Gambar 2.2 Patogenesis fibrosis dan sirosis hati (Silbernagl S 2000)

2.2 HIPERTENSI PORTAL

  Hipertensi portal adalah peninggian tekanan dari sistem porta, dapat dakibatkan oleh penyebab sirotik atau non-sirotik. Pada awal diagnosa sirosis hati, hipertensi portal terdapat pada 60% pasien sirosis dekompensata dan pada 40% pasien sirosis kompensata. Sirosis hati adalah penyebab paling banyak dari hipertensi portal, dan mencakup 95% dari selurush kasus hipertensi portal yang ditemui di klinik (Choudury J 2006).
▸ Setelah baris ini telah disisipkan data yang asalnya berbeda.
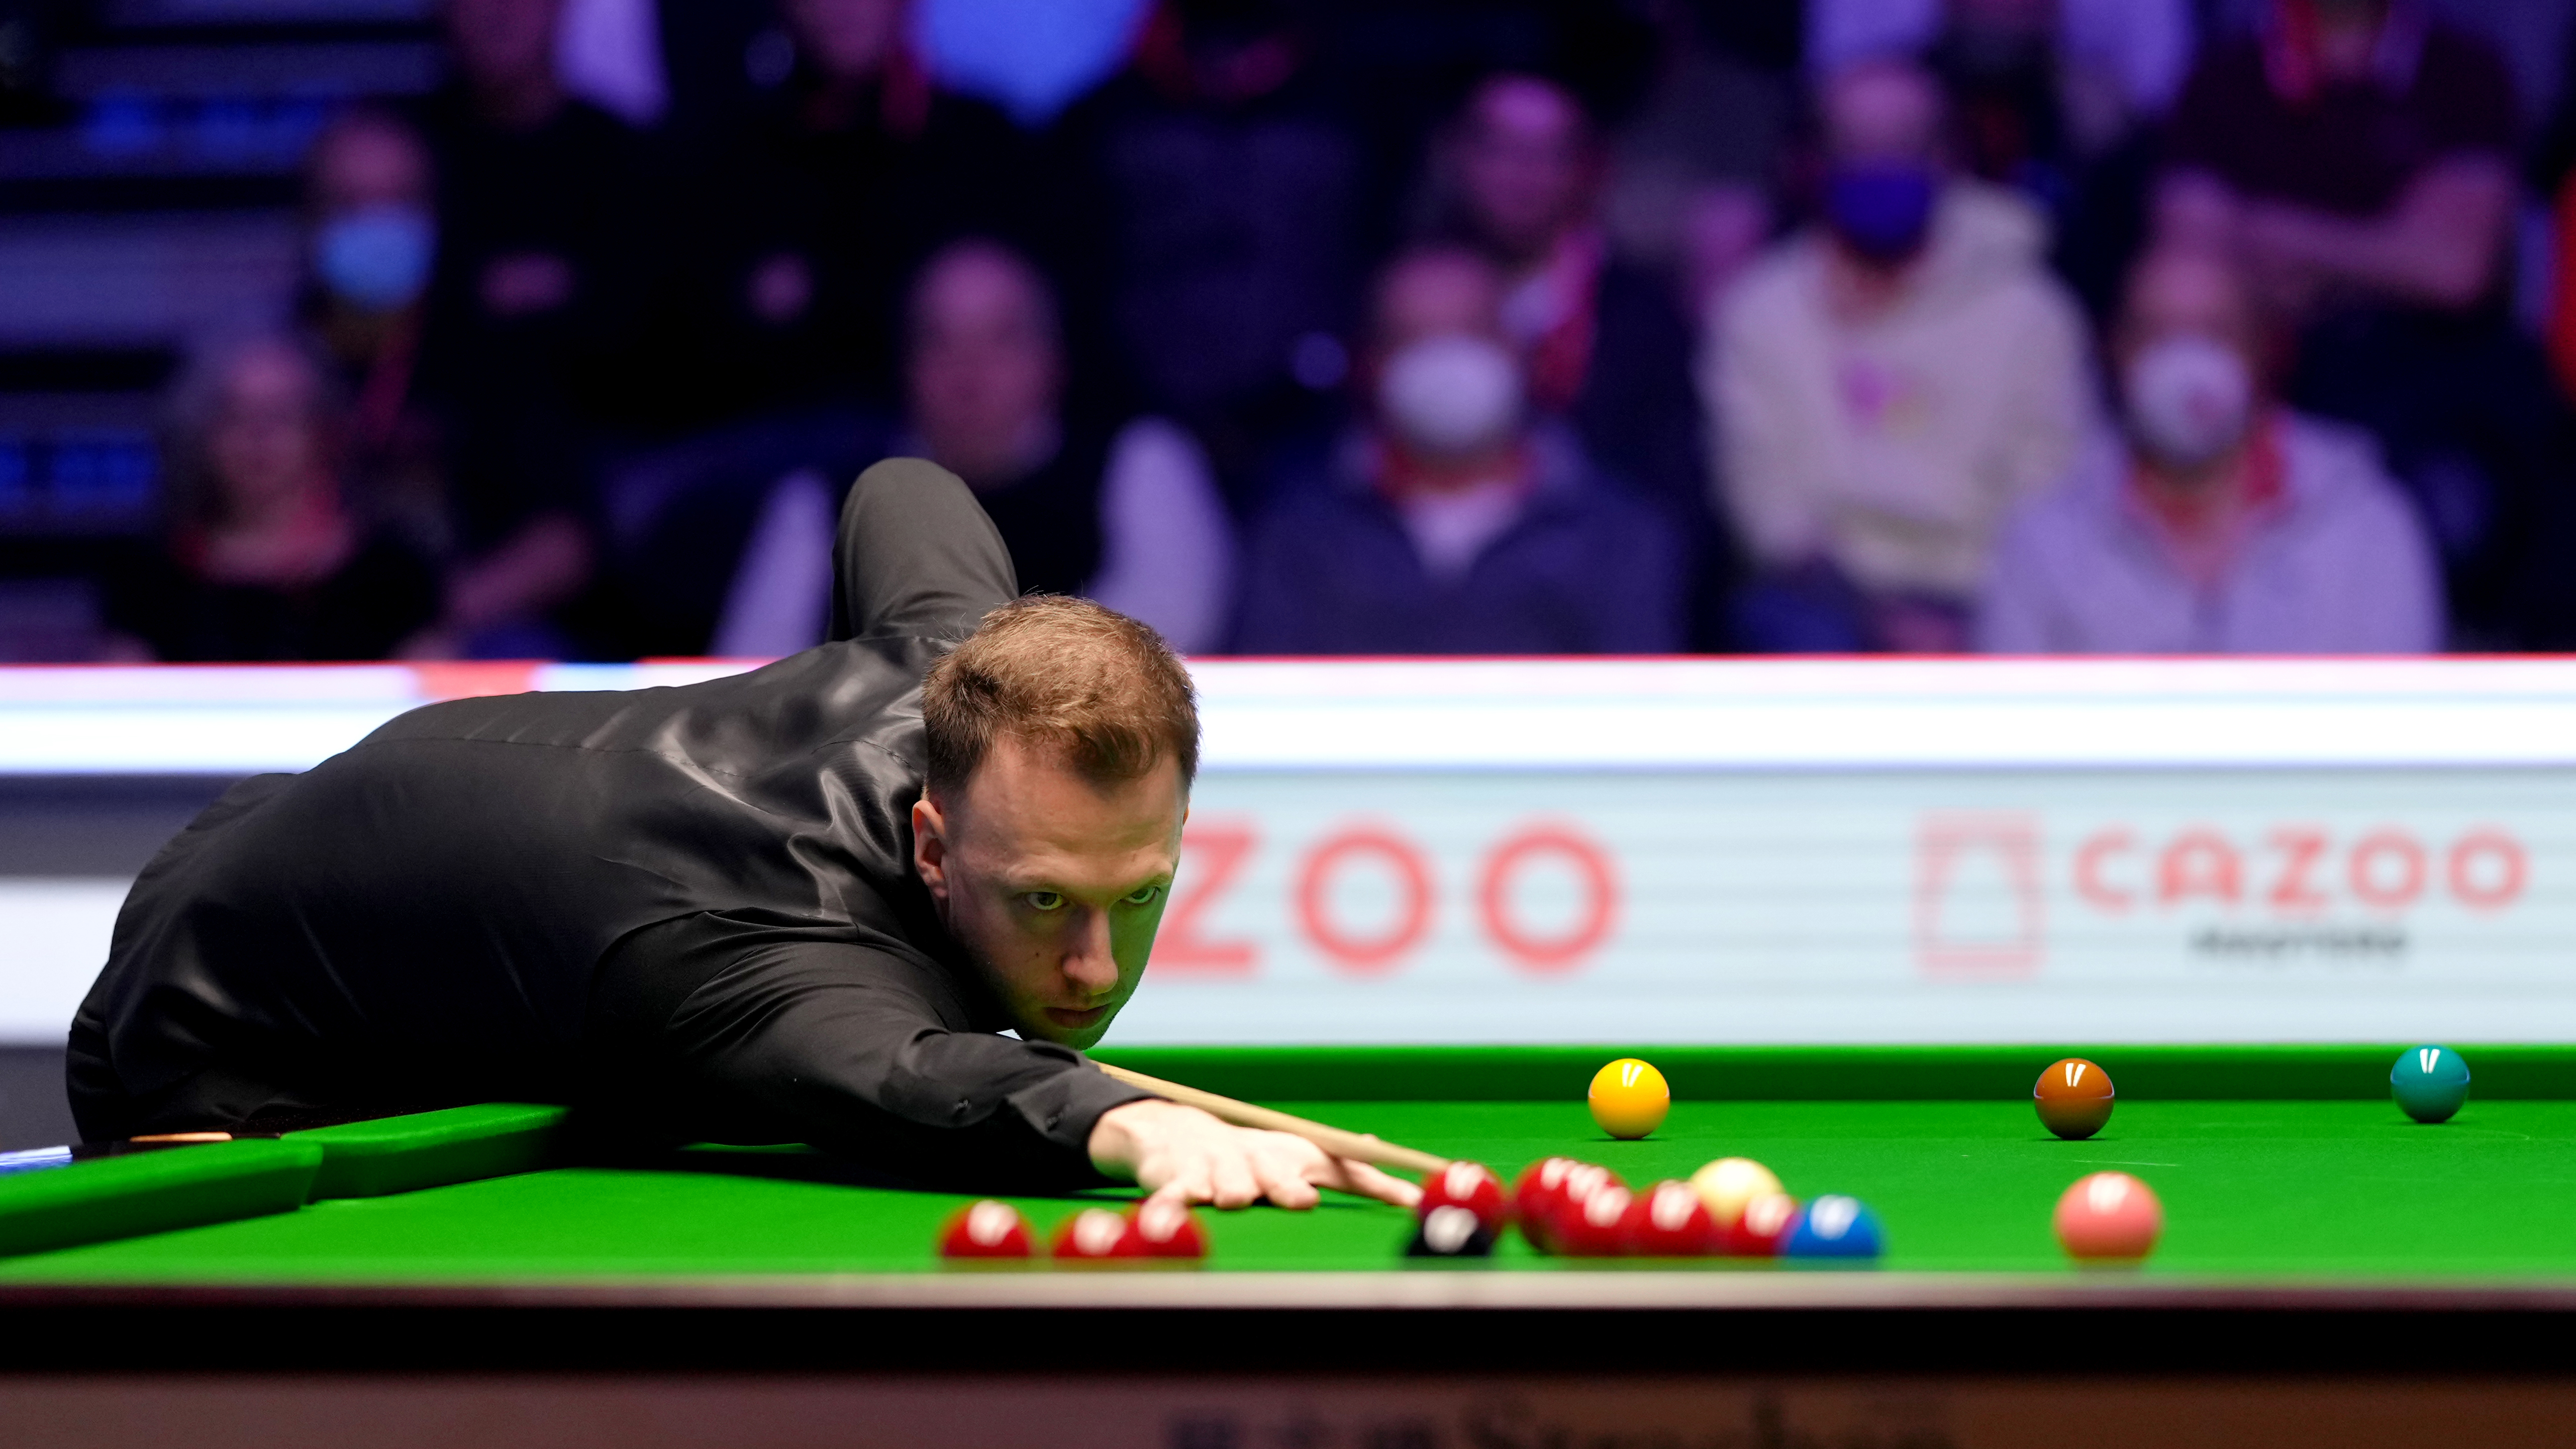 Snooker results Judd Trump beats Mark Allen in deciding frame at the Masters

  Darah vena dari lambung, usus, limpa, pankreas dan kandung empedu mengalir melalui vena porta menuju ke hati, di mana pada sinusoid hati akan bercampur dengan darah dari arteri hepatik yang kaya oksigen, dan akan mengalami kontak dengan hepatosit. Sistem porta adalah semua sistem vena yang mengalirkan darah menuju hati yang berasal dari saluran cerna di rongga abdomen, limpa, dan kandung empedu. Vena porta masuk ke hati melalui porta hepatic, yang membagi menjadi dua bagian yang masing-masing membagi menuju tiap lobus. Vena porta merupakan penyatuan dari vena mesenterika superior dan lienalis.Vena porta terletak di anterior kaput pankreas setinggi vertebra lumbal 2, sedikit sebalah kanan garis tengah.Di dalam hati vena porta membentuk cabang yang mengaliri hati yang berjalan seiring dengan arteri hepatica.Vena mesenterika superior merupakan muara dari aliran darah vena yang berasal dari intestinal, kolon dan kaput pankreas dan kadang dari lambung melalui vena gastroepiploika kanan.Sedangkan vena lienalis merupakan muara 5-15 cabang dari vena di hilus limpa dan dari beberapa vena gastrika breves yang bermuara di sepanjang vena lienalis yang terletak di ekor dan badan pankreas.Vena menampung darah dari kaput pankreas dan vena gastroepiploika kiri yang bermuara di dekat limpa, dan darah dari mesenterika inferior yang berasal dari kolon kiri dan rectum. Kecepatan aliran vena porta mencapai 1000- 1200 ml/menit dan memasok 72% kebutuhan oksigen total.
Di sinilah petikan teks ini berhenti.